ON Monday, Qatar's prime minister declared his state's intent to start helping the Syrian opposition “by all means”, including giving them weapons. Two days later, anti-Assad officials received an offer of a $100m donation, from their brothers in arms in Libya. Coincidence? Unlikely, if the Libyan revolution is any indicator.

The third act, in what looks very much like the beginning of a concerted push to arm the Syrian insurgency, took place on Thursday when the previously gun-shy Syrian National Council formed a military council, which it says will act as a clearing house for anyone offering it arms.

Two probabilities have quickly emerged: the first is that a militarised Syrian National Council is unlikely to be short of suppliers. And, second, Libya is merely a conduit for the $100m, which was at least partly funded by Qatar to get things rolling.

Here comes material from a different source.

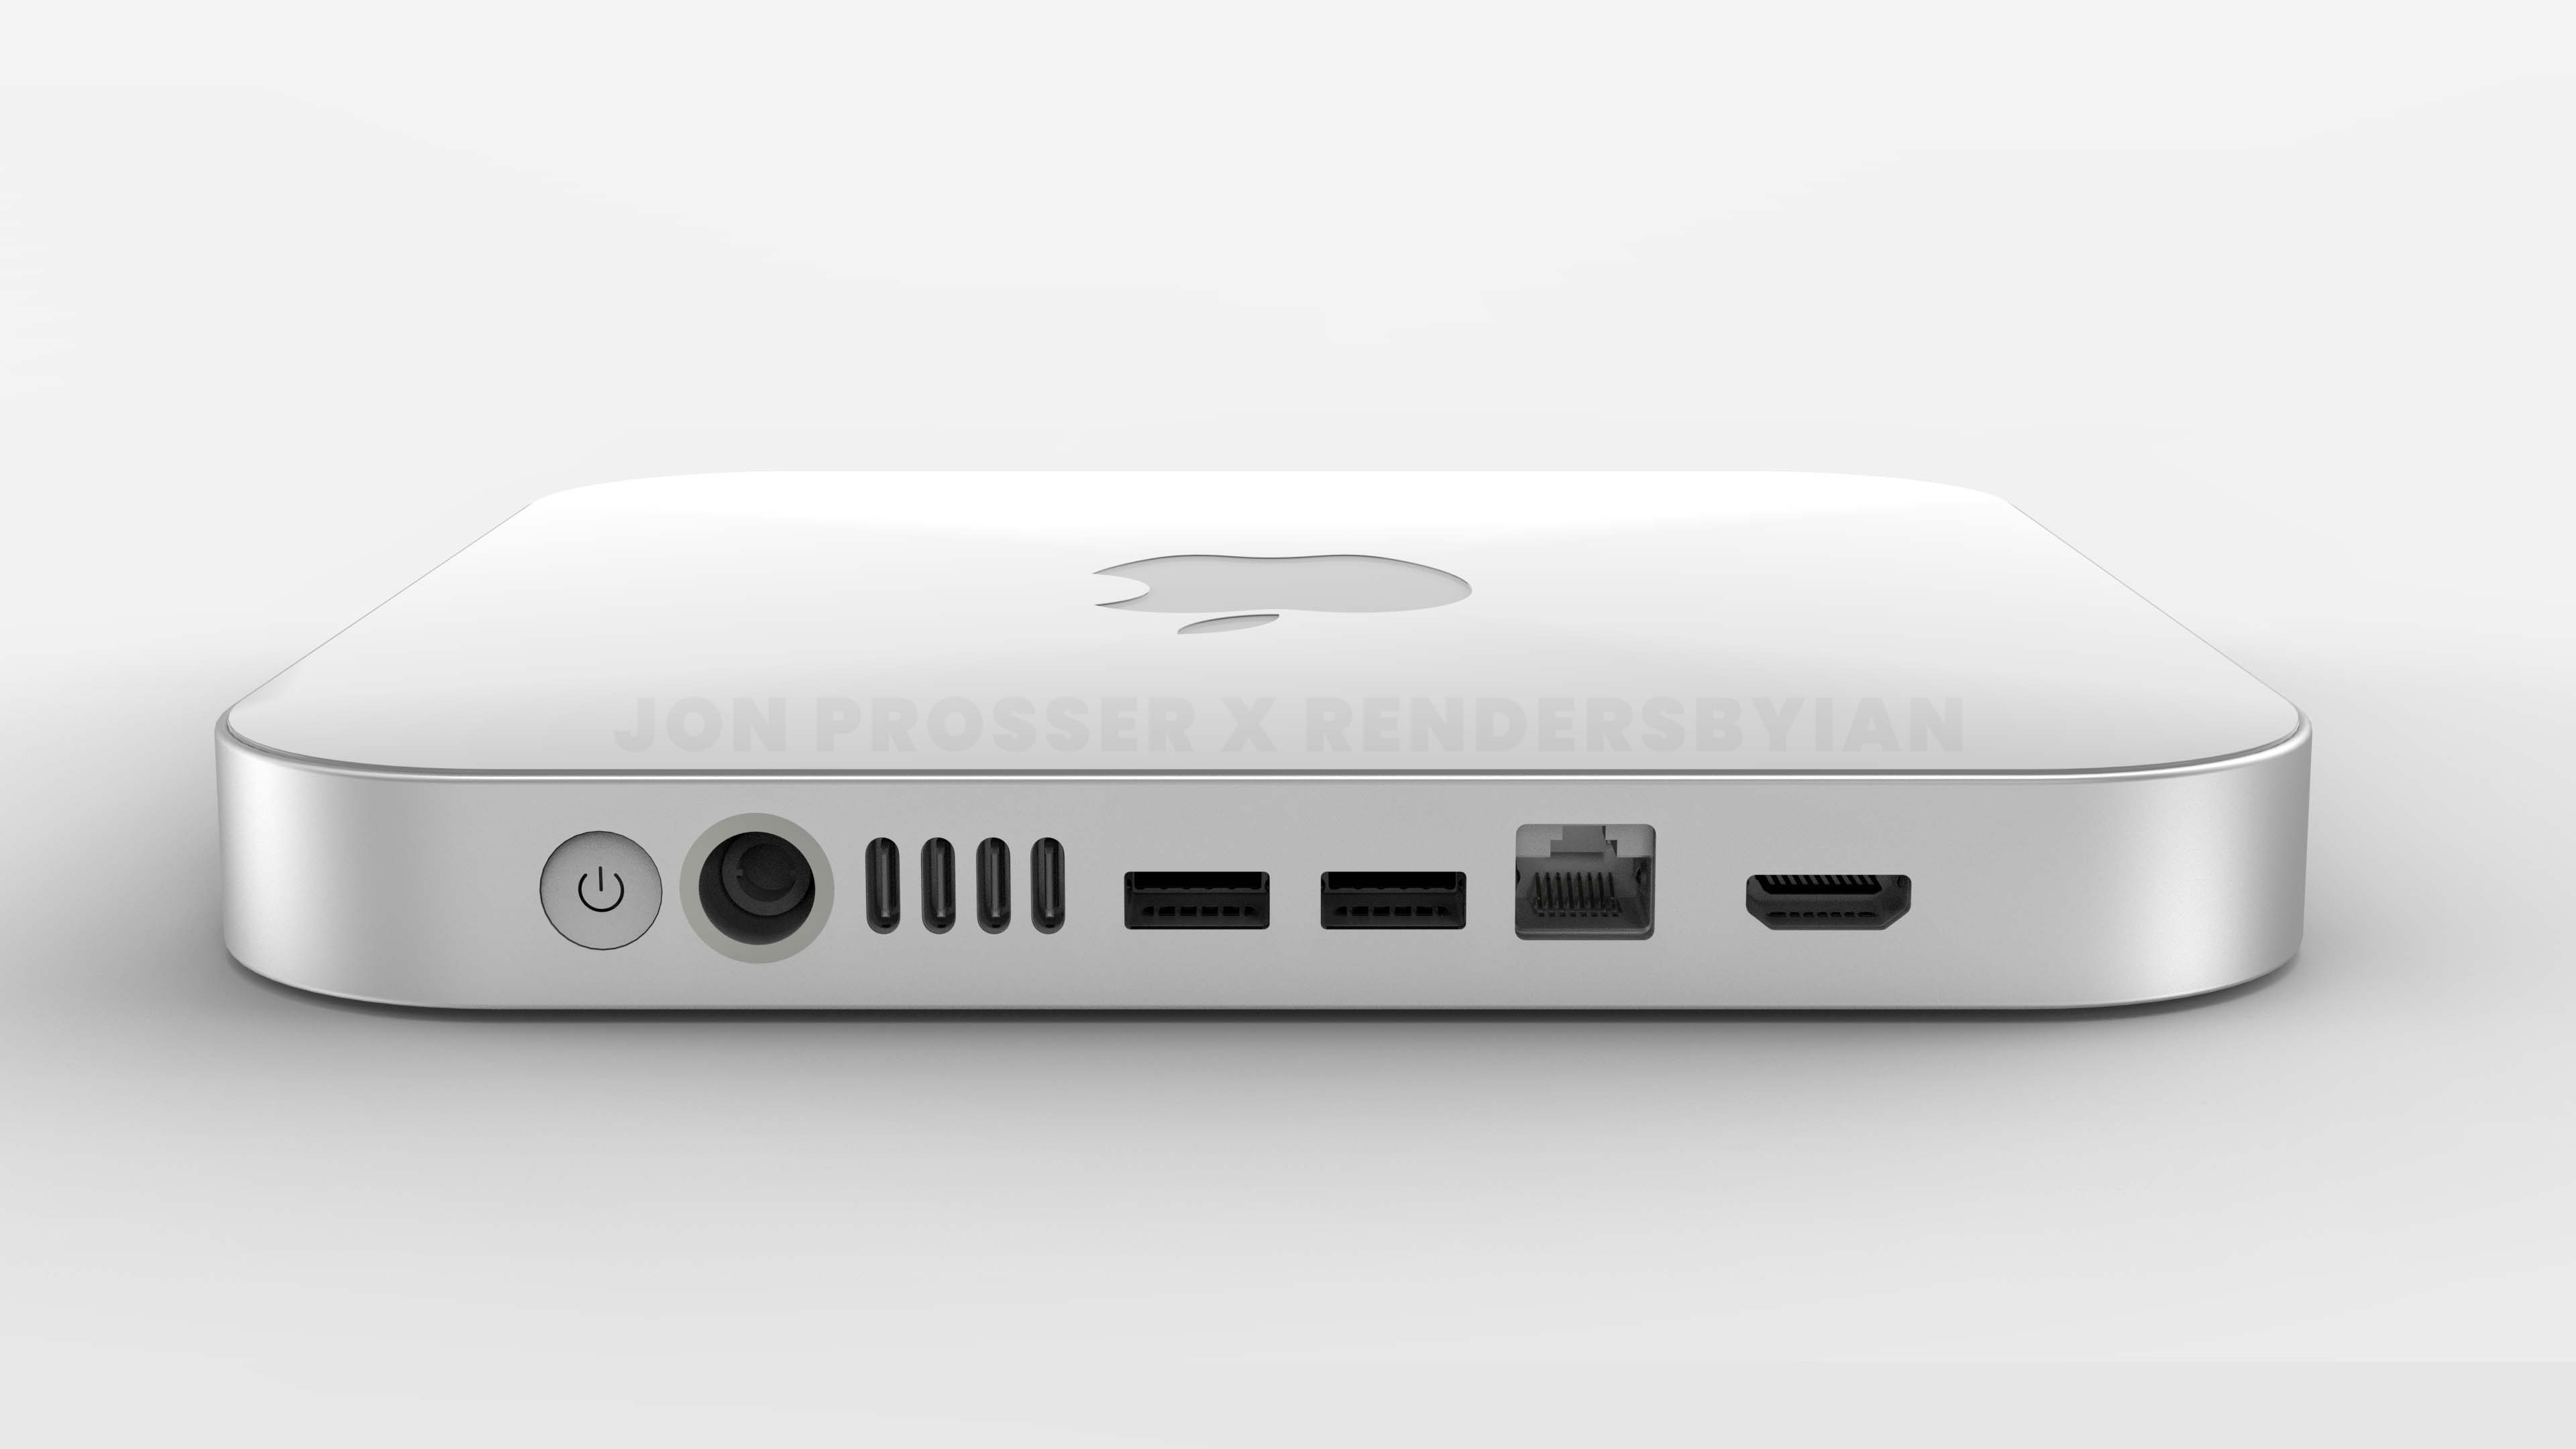 The new Mac mini just leaked - what you need to know

Libya's national transitional council has been quick to stress that the money it is sending is for humanitarian aid, which is clearly desperately needed in western Syria, withering under a regime offensive. No one in the nascent Tripoli government is quibbling about where the cash comes from. When asked how a state still in turmoil could afford such a generous gift, an spokesman for the Libyan council replied simply: “It won't be a problem”.

Qatar's remarks this week, as well as Saudi Arabia's claim last Friday that arming the Syrian rebels would be an “excellent idea”, clearly shows a new reality. The Rubicon has been crossed. Hopes of resolving Syria's raging insurgency through patience, or dialogue, have evaporated.

From the early days of the uprising against Colonel Qadhafi, Qatar was running more weapons to Libya's rebels than any other state. Throughout the war, giant Qatari military transporters regularly disgorged tonnes of weaponry in plain view at Djerba airport in Tunisia, not far from the Libyan border.

The Qataris sent jet fighters to bomb Qadhafi's armour and special forces to train rebels. They opened a military operations room in Doha and hosted the regime's highest-profile defectors, as well as rebel leaders to whom they provided with money and mentoring.

As Syria has unravelled throughout the past year, Qatar has played another lead role. It was centre stage in the Arab League's move to suspend Damascus as a member state and it has been increasingly strident in its criticism of President Bashar al-Assad, whom Qatar's ruling emir, Sheikh Hamad bin Khalifa al-Thani, had earlier tried to engage. As was the case in Libya, its agenda remains unclear.

The change in attitude had been subtle at first: a gradual disengagement, followed by increasingly stern back-channel diplomacy. All carried out in the way of the Arab world: avoiding insult or direct confrontation.

Not any more. “We should do whatever necessary to help them, including giving them weapons to defend themselves,” said Qatar's prime minister, Sheikh Hamad bin Jassim Al-Thani, on Monday. “This uprising in Syria now (has lasted) one year. For 10 months, it was peaceful: nobody was carrying weapons, nobody was doing anything. And Bashar continued killing them.

“So I think they're right to defend themselves by weapons, and I think we should help these people by all means.”

After urging political recourse and discouraging intervention for so long, the Syrian National Council is now also speaking from a markedly different script

“We wanted to organise those who are carrying arms today,” its president, Burhan Ghalioun, said, stressing that any weapons coming into the country should be vetted by the council.

“The revolution started peacefully and kept up its peaceful nature for months, but the reality today is different. We know that some countries have expressed a desire to arm the revolutionaries. The SNC will be this link between those who want to help and the revolutionaries. It is out of the question that arms go into Syria in confusion.”

It is also beyond doubt that a long predicted milestone in the Syrian conflict has now been reached. From this point, nation states, rather than black-market arms bazaars, loom as potential suppliers to the outgunned opposition. Such a prospect is alarming the US and Nato, which said this week it absolutely ruled out direct intervention in a war that nobody seems to want and most seem to fear.